Всегда строгий и серьезный, дон Флорестан дель Рай время от времени появлялся на обычной и на черной бирже и сам с большим спокойствием и хладнокровием руководил биржевыми операциями. В любой час дня дон Флорестан был одет в неизменный узкий сюртук, цилиндр и брюки со штрипками; ходил он с суковатой тростью светлого дерева и в очень маленьких тесных ботинках. Эта обувь, вероятно, причиняла ему ужасную боль при ходьбе, но он, без сомнения, считал ее обязательной принадлежностью мужского туалета, признаком изящества и элегантности.

Вечерами дон Флорестан часто выезжал на бульвар Ла-Кастельяна, самолично управляя высоким mail-coach[72], запряженным четверкой лошадей; рядом с ним, скрестив руки на груди, восседал лакей в цилиндре с кокардой и в ливрее с галунами и широкими отворотами. Иногда с доном Флорестаном ездила и крашеная блондинка. В таких случаях лакей в своем цилиндре и ливрее с широкими лацканами, все так же величественно скрестив руки, неподвижно сидел сзади.

Иной раз, по утрам, дон Флорестан появлялся в коляске, управляя резвой белой лошадкой, летевшей с головокружительной быстротой. Вторая такая же коляска принадлежала смуглой изящной сеньорите с ослепительно-белыми зубками, дочери герцога, которую звали донья Соль. Донья Соль и дон Флорестан встречались на Ла-Кастельяна или на Реколетос — она улыбающаяся, полная надежд, только начинающая жить; он мрачный, морщинистый, приближающийся к концу своего пути, отмеченного таинственностью и темными делами.

LVIII

Дон Флорестан, бывший весьма экзотической и живописной фигурой, известной лишь немногим мадридцам, неожиданно стал притчей во языцех и на несколько дней привлек к себе всеобщее внимание. Однажды ночью его нашли мертвым, с пробитой головой, у стены ипподрома на дороге, ведущей в Маудес и Чамартин. Газеты долго писали об этом происшествии.

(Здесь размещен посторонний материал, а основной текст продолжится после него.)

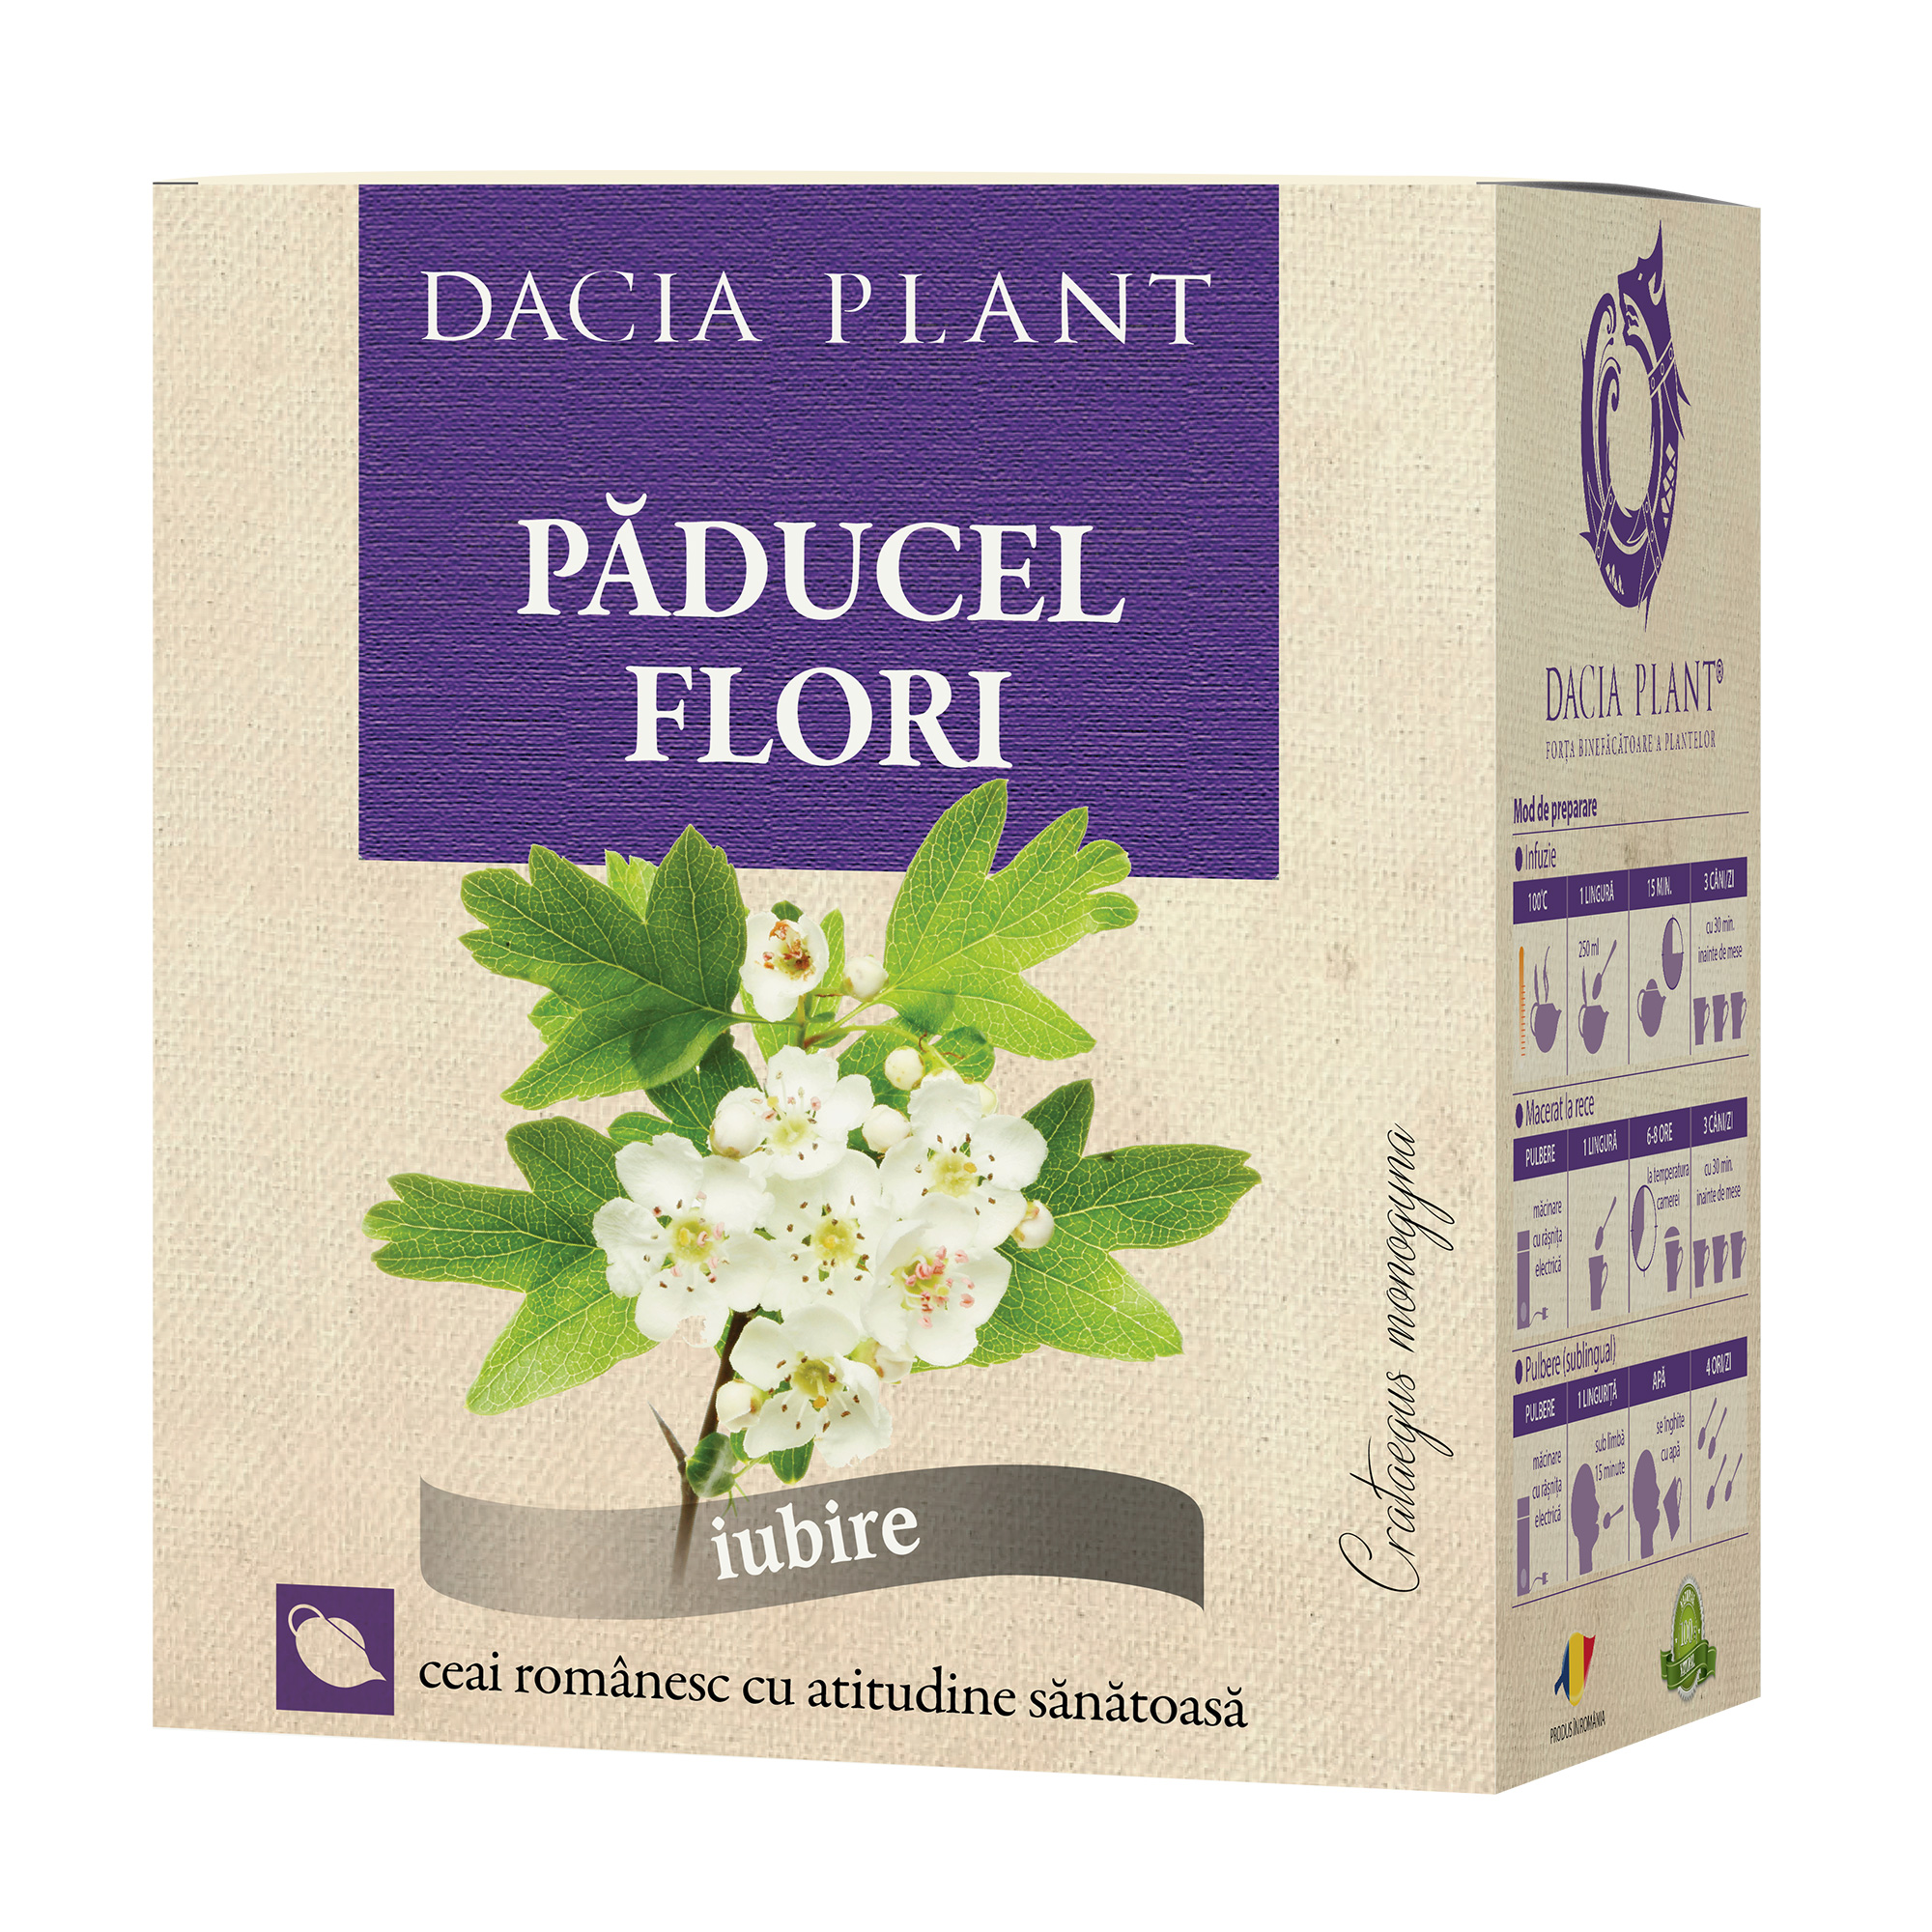 Ceai de Paducel flori Dacia Plant imagine noua

По словам лакея с широкими лацканами, обычно сопровождавшего дона Флорестана, его хозяин вышел из дома после ужина, около половины одиннадцатого. Он приказал конюху запрячь белую лошадку в коляску, отправился на Реколетос и Ла-Кастельяну и несколько раз проехался там взад и вперед. Примерно в половине первого или без четверти час он остановился у памятника Изабелле Католической{306} на площади перед ипподромом, отдал вожжи лакею и сошел с козел.

— Я сейчас вернусь, — сказал он.

— Мне подождать здесь или покататься вокруг? — спросил лакей.

— Как хочешь. Я скоро буду.

Дон Флорестан направился к ограде ипподрома и свернул за угол направо, в сторону выставочного зала Паласио-де-лас-Эспосисьонес. Лакей ждал его, катаясь вокруг памятника Изабелле Католической; но время шло, а хозяин не возвращался. Долгое его отсутствие навело лакея на мысль о грабеже и убийстве. Он спрыгнул с козел, взял лошадь под уздцы, подошел к жандарму, который только что слез с конки, и рассказал ему об исчезновении своего хозяина.

— А почему вы сами не идете его искать?

— Не могу оставить экипаж: лошадка так и норовит удрать.

Жандарм поговорил с владельцем крошечного кафе на площади, который закрывал свое опустевшее заведение. Было уже половина второго. Блюститель порядка попросил его присмотреть за лошадью и коляской, а сам вместе с лакеем пошел вдоль ограды ипподрома по дороге на Чамартни-де-ла-Роса. Ночь была темная, хоть глаз выколи, только звезды светили. Мужчины прошли метров триста и, ничего не обнаружив, уже собирались повернуть назад, как вдруг лакею показалось, что на земле лежит какой-то темный предмет. Они подошли. Это был дон Флорестан. Полицейский и лакей попытались поднять его, но он был мертв, и труп его уже остыл. Тогда они поспешили на бульвар Ла-Кастельяна за помощью и вернулись к кафе.